## TASK GOAL:
Your task is to restate the listing word for word without the pictures.

## DATA PROVIDED:
»»

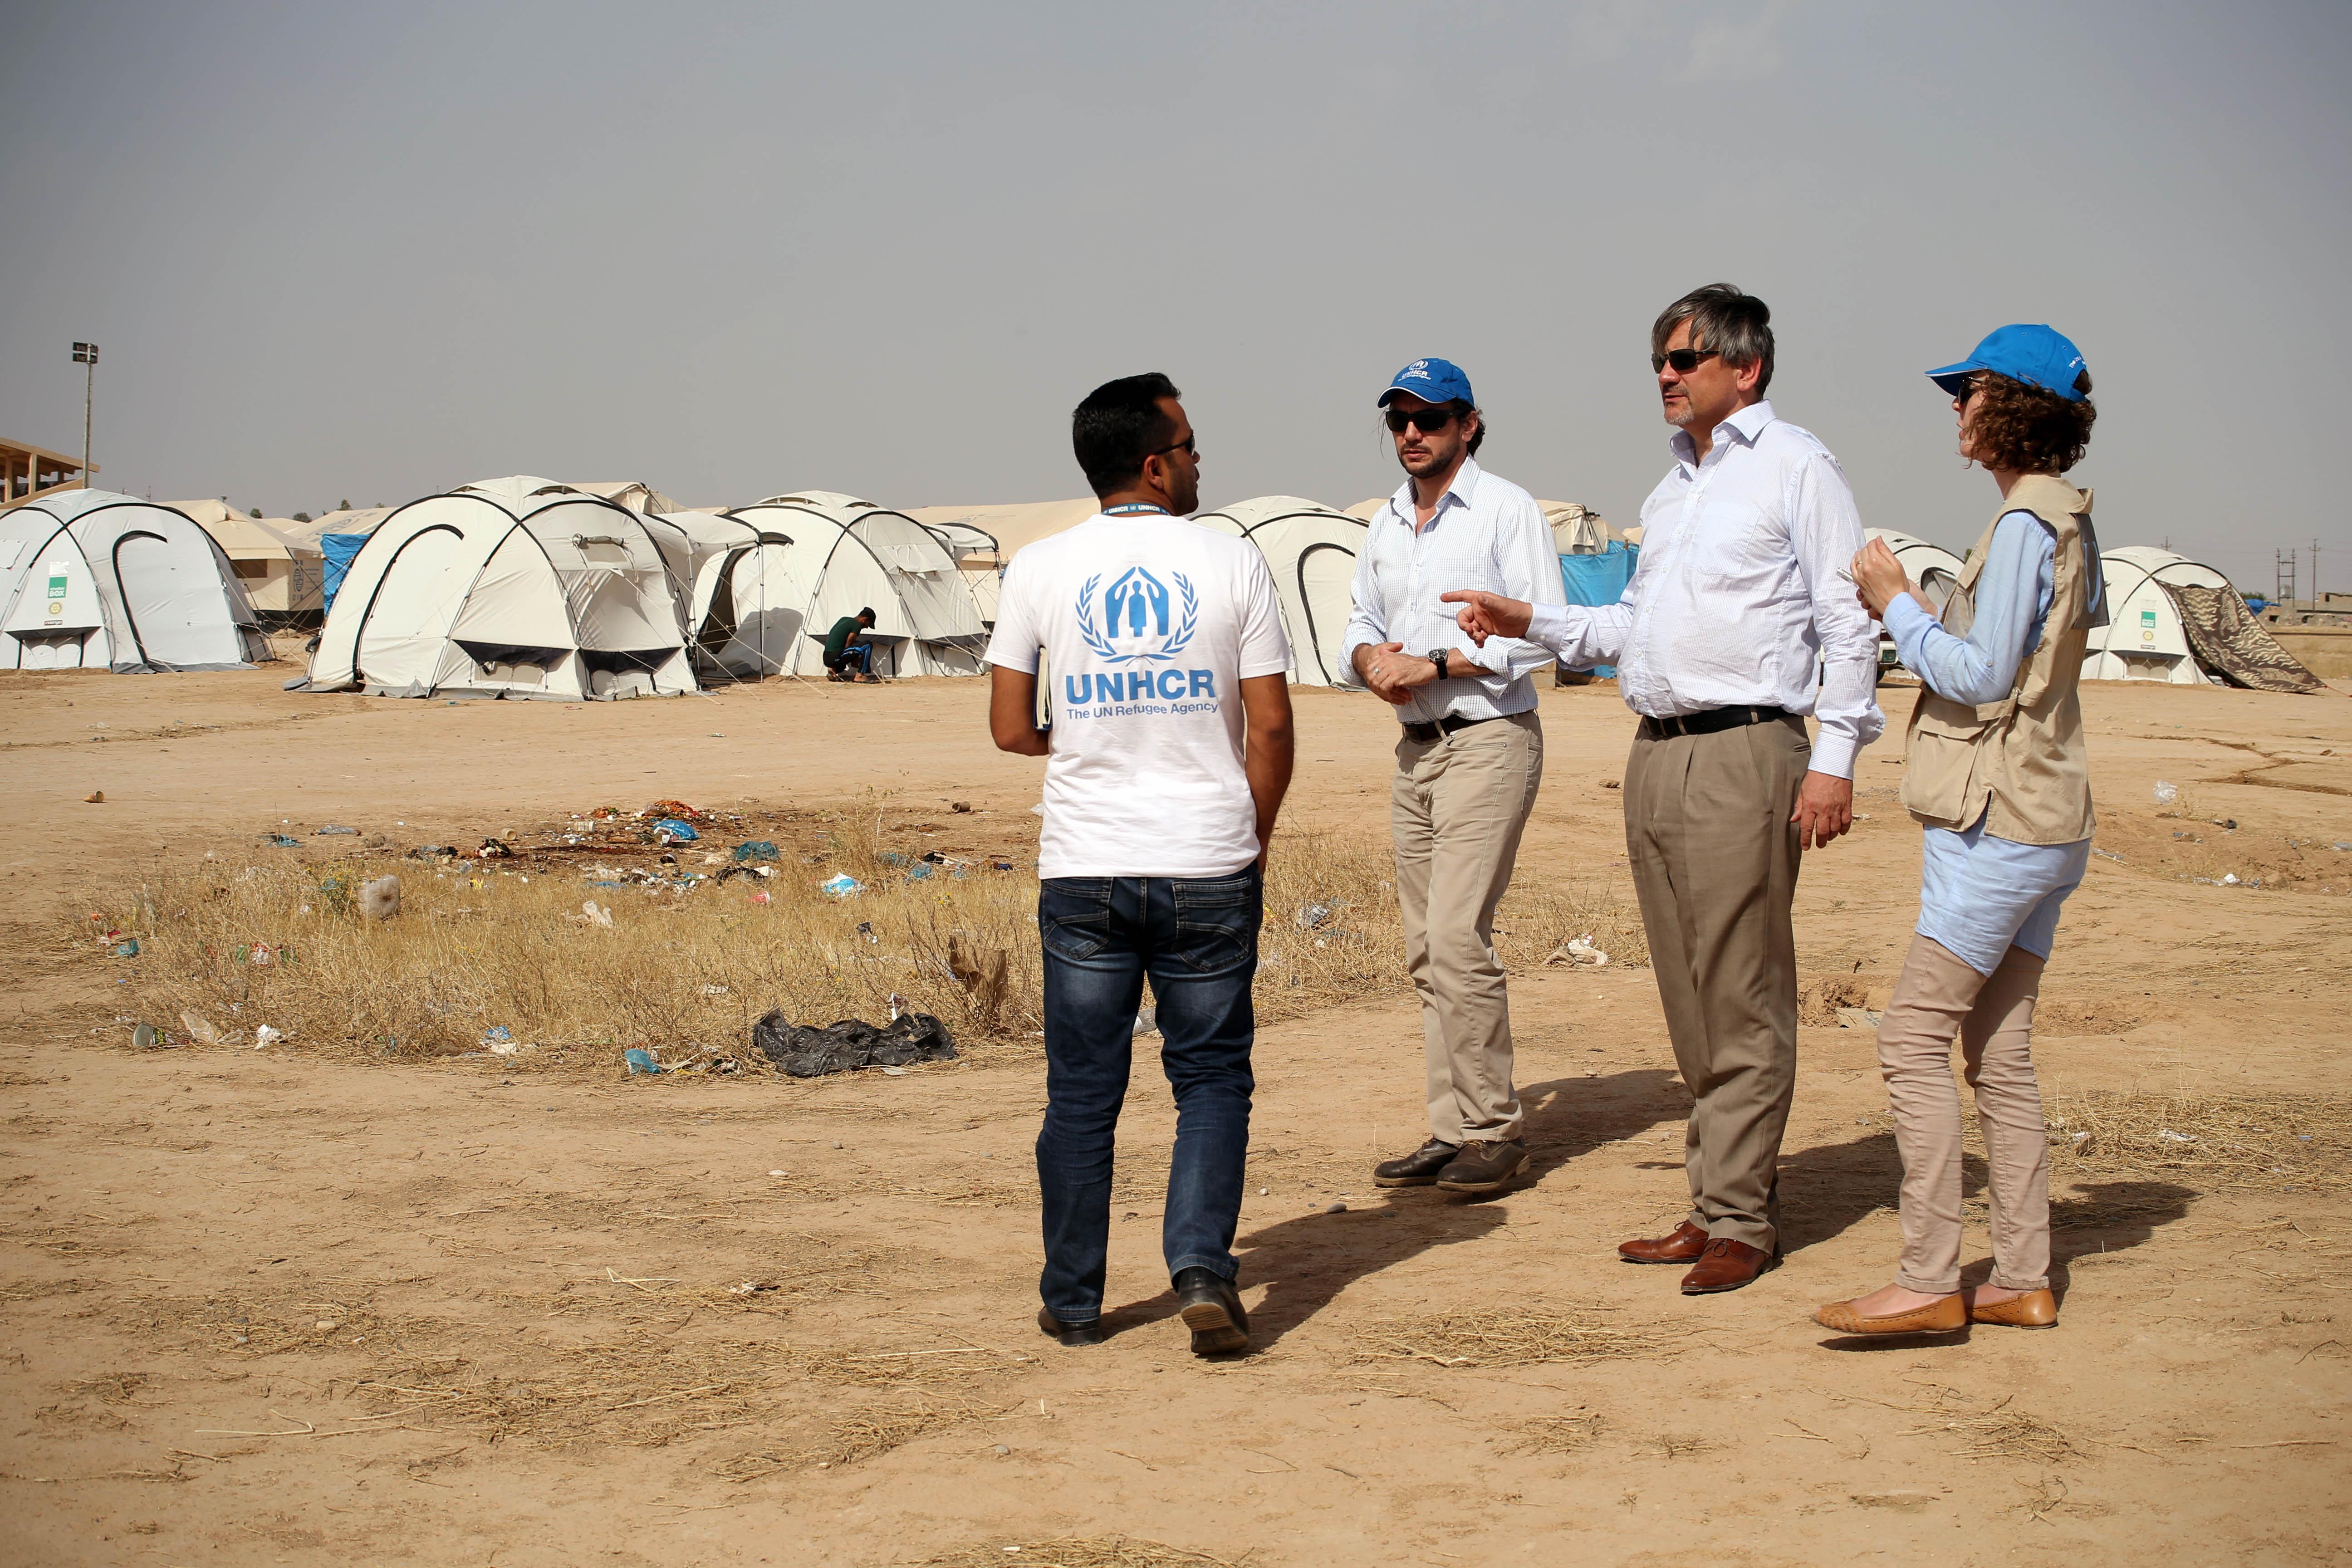 The Special Representative of the Secretary-General for Iraq
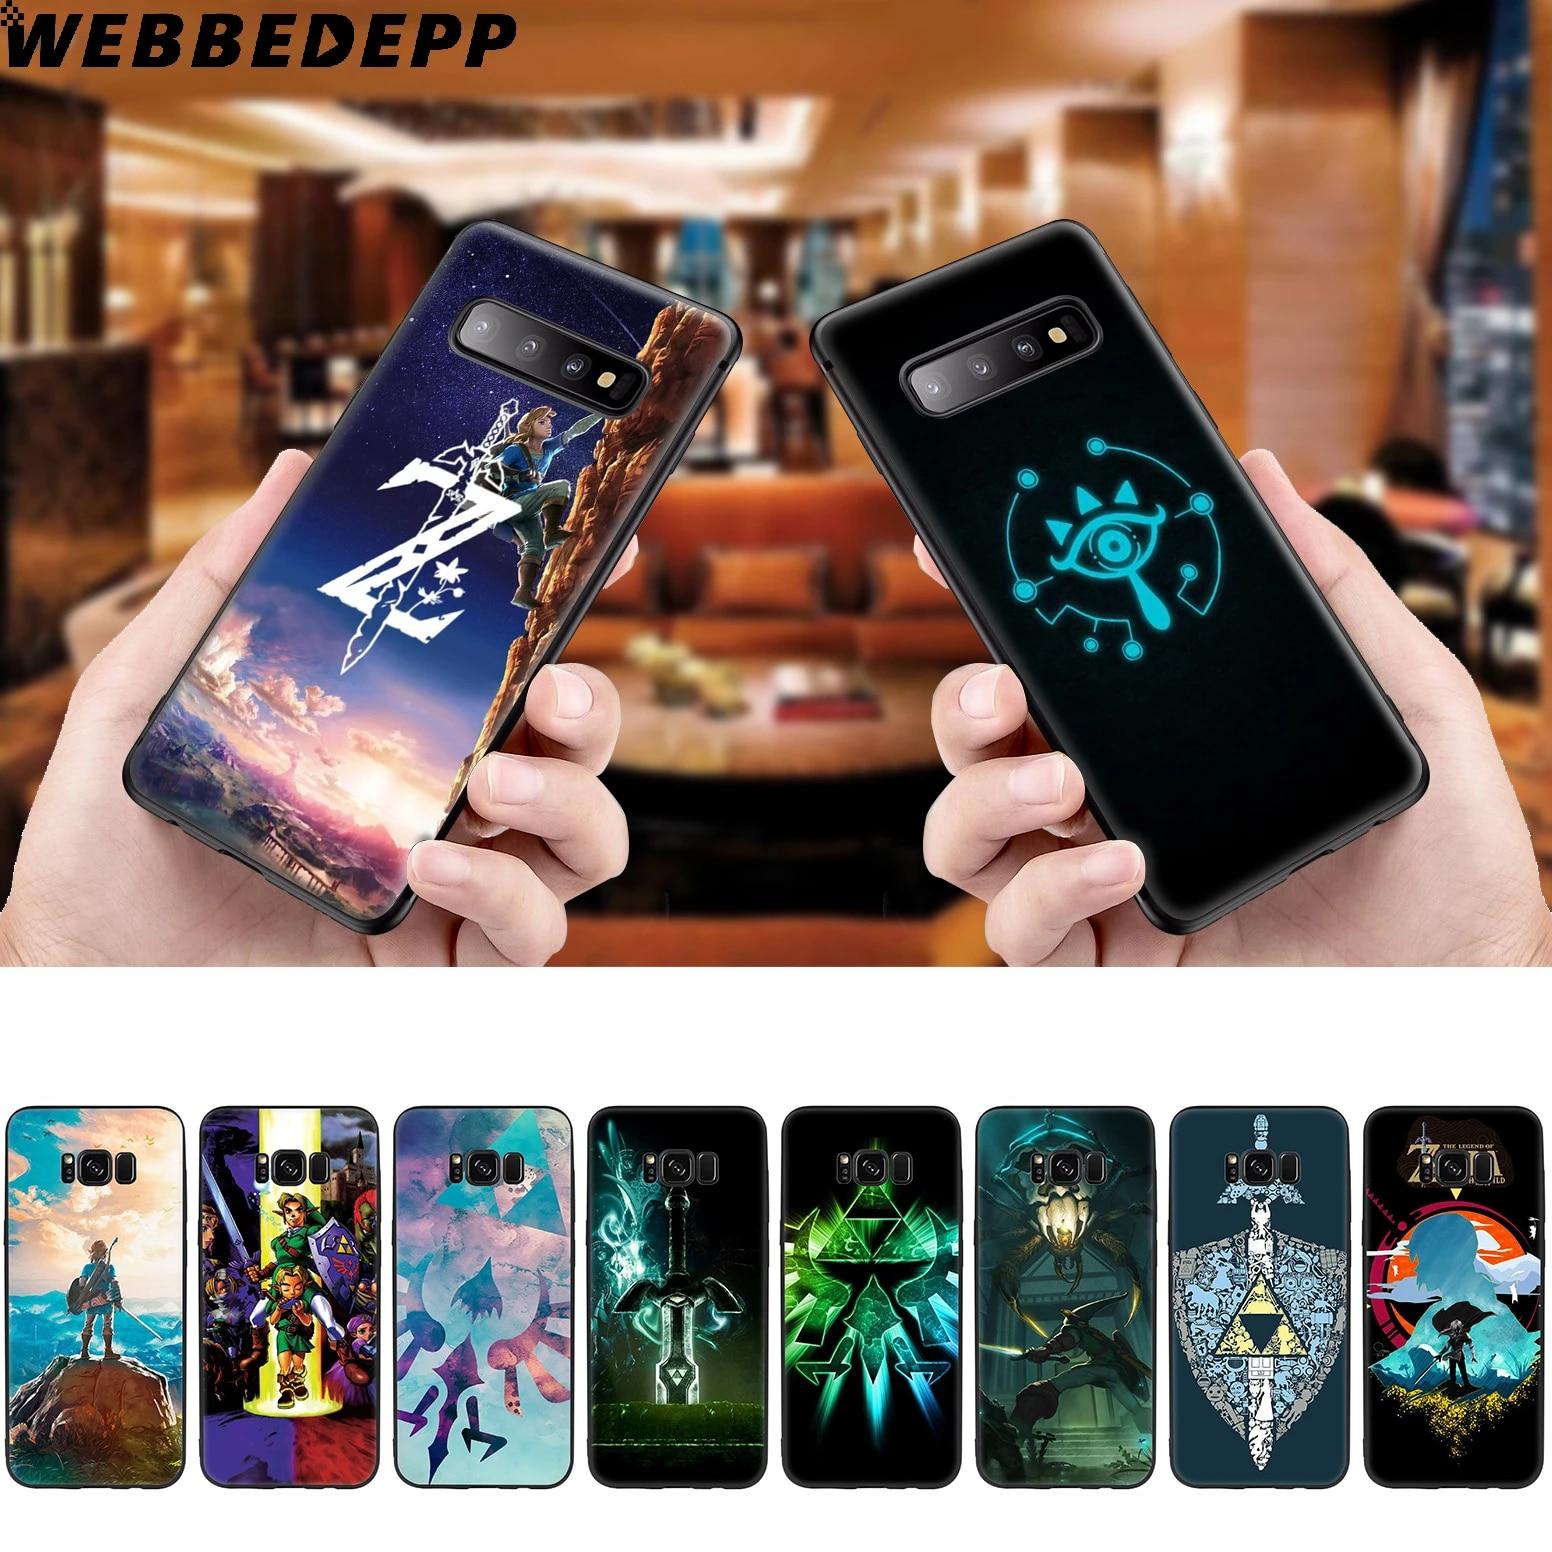 WEBBEDEPP la légende de Zelda coque souple pour Samsung Galaxy S10 S10e S9 S8 Plus S7 S6 Edge S9 Plus & J6 2018 Note 10 Plus 9 8
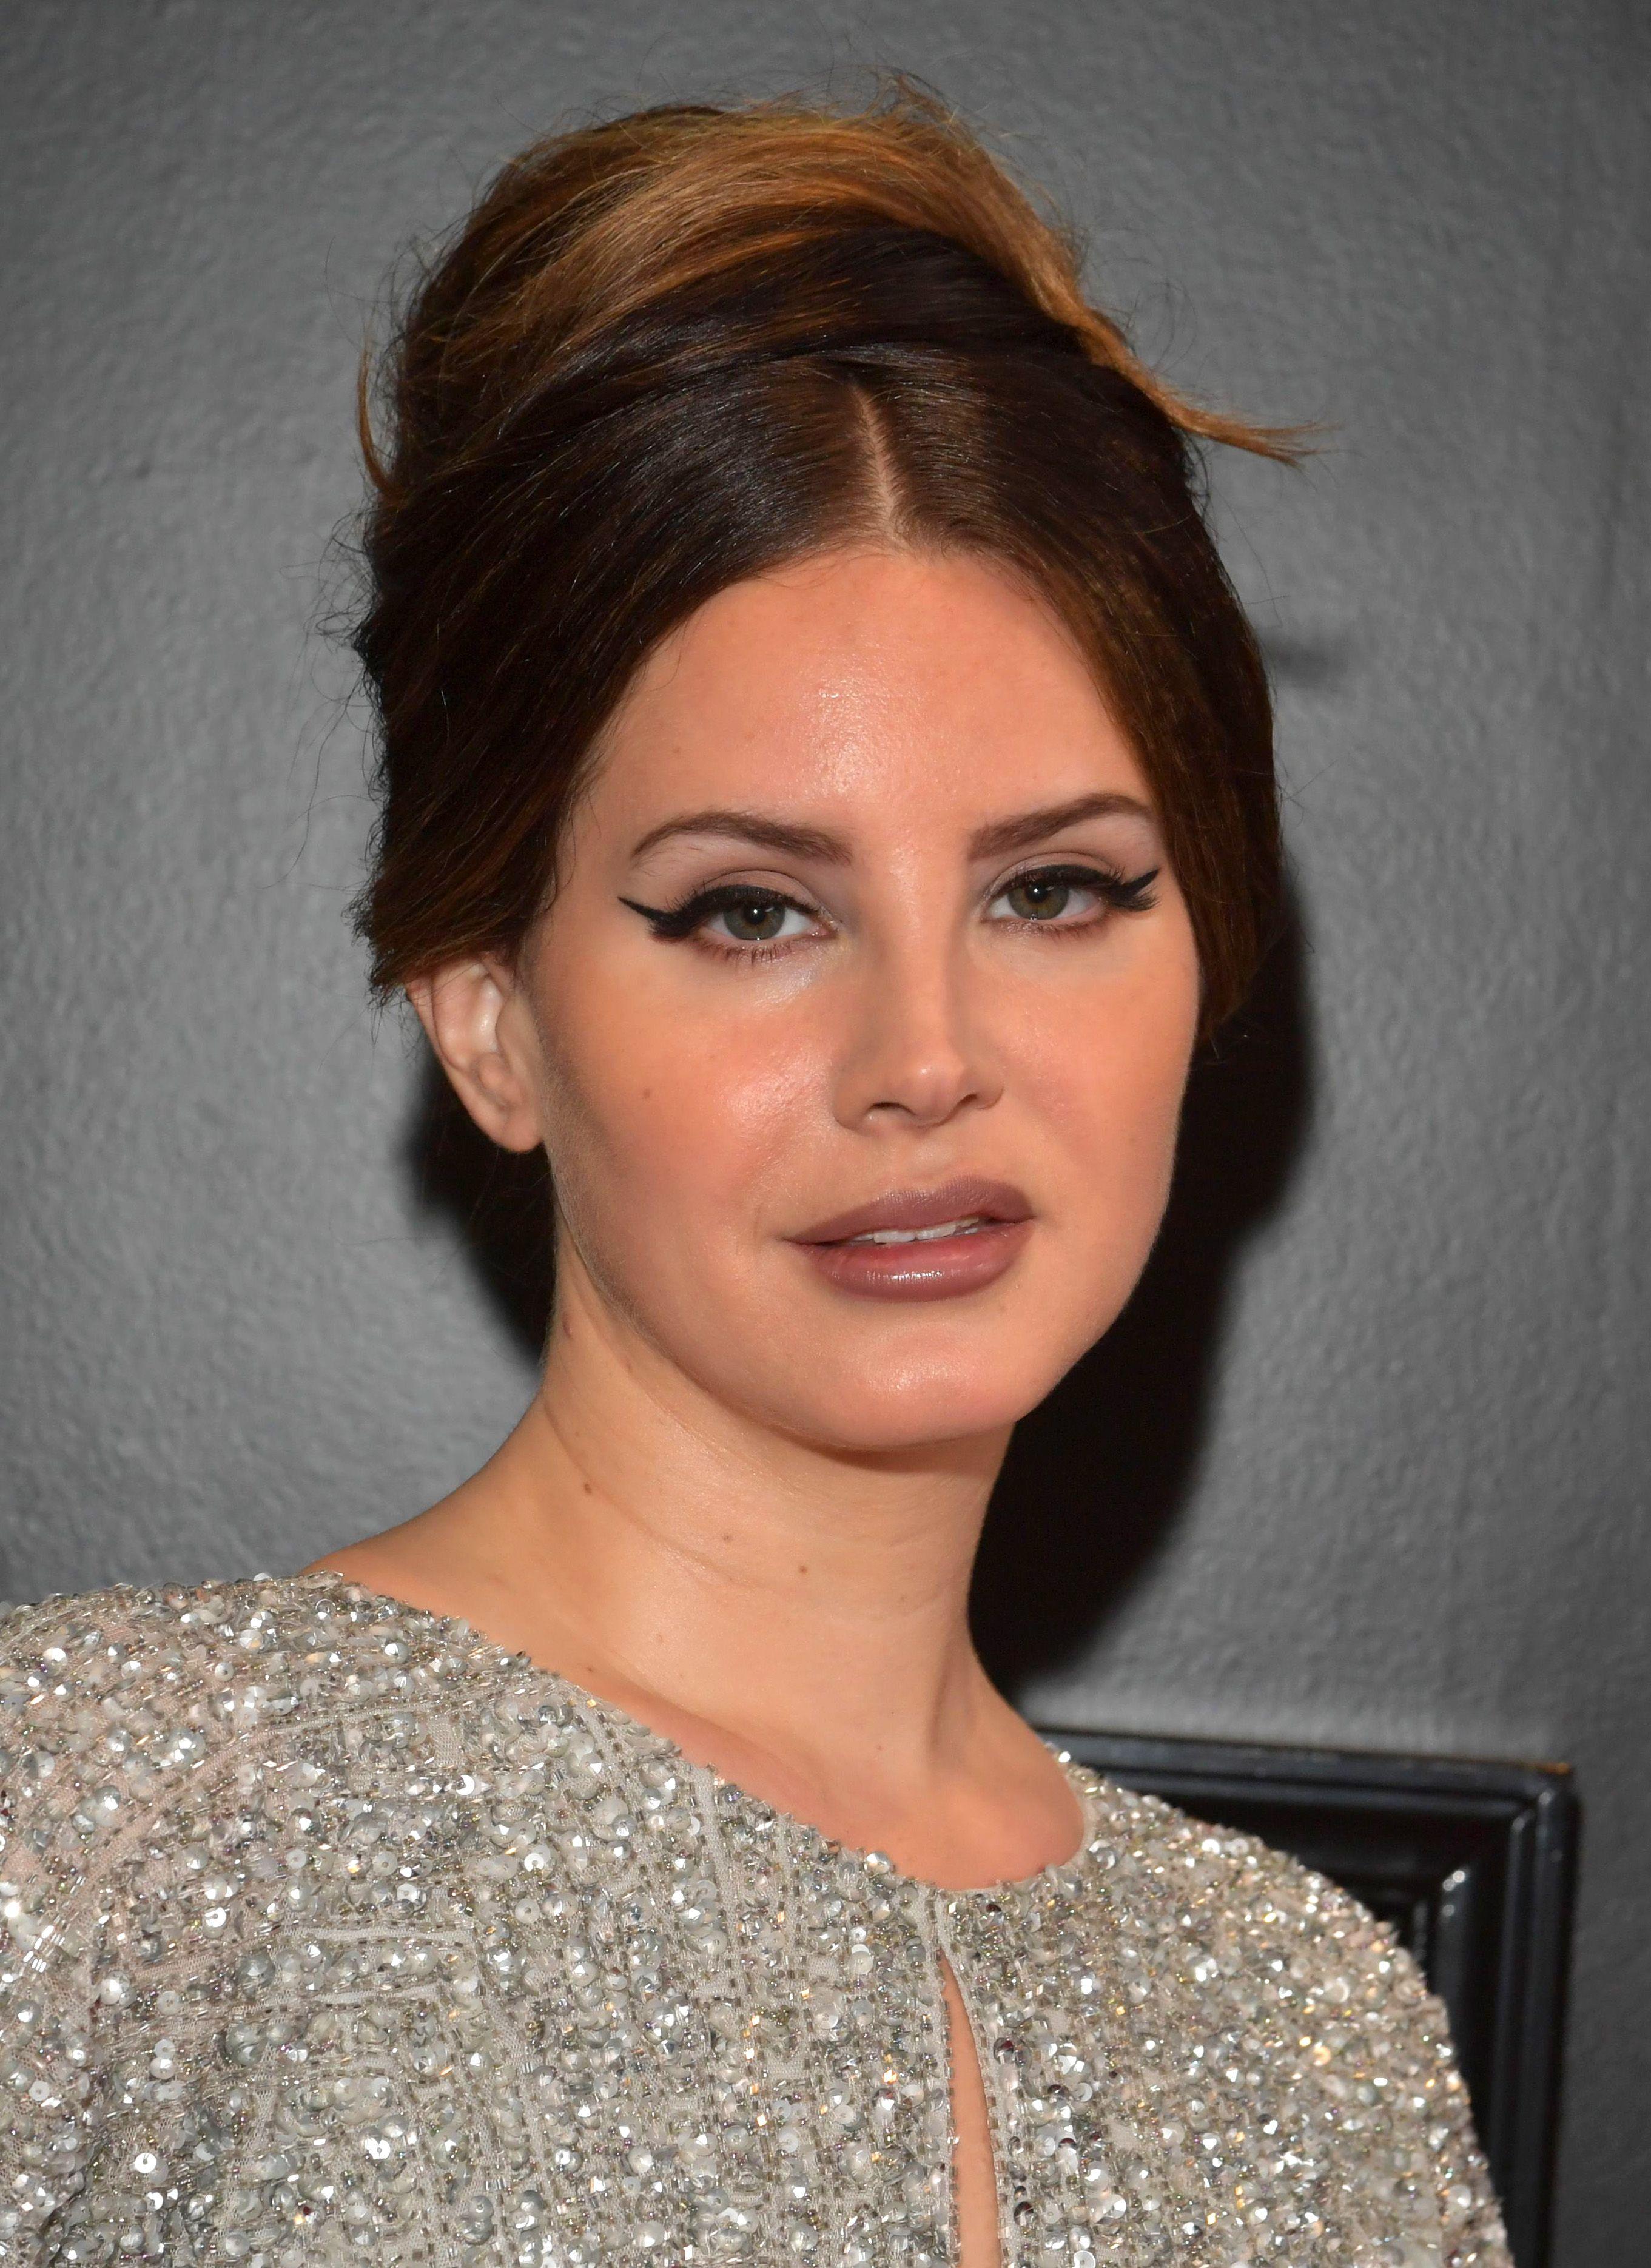 Lana Del Rey Shares Details Of Poetry Audiobook

««

## YOUR SOLUTION:
 The Special Representative of the Secretary-General for Iraq
 WEBBEDEPP la légende de Zelda coque souple pour Samsung Galaxy S10 S10e S9 S8 Plus S7 S6 Edge S9 Plus & J6 2018 Note 10 Plus 9 8
 Lana Del Rey Shares Details Of Poetry Audiobook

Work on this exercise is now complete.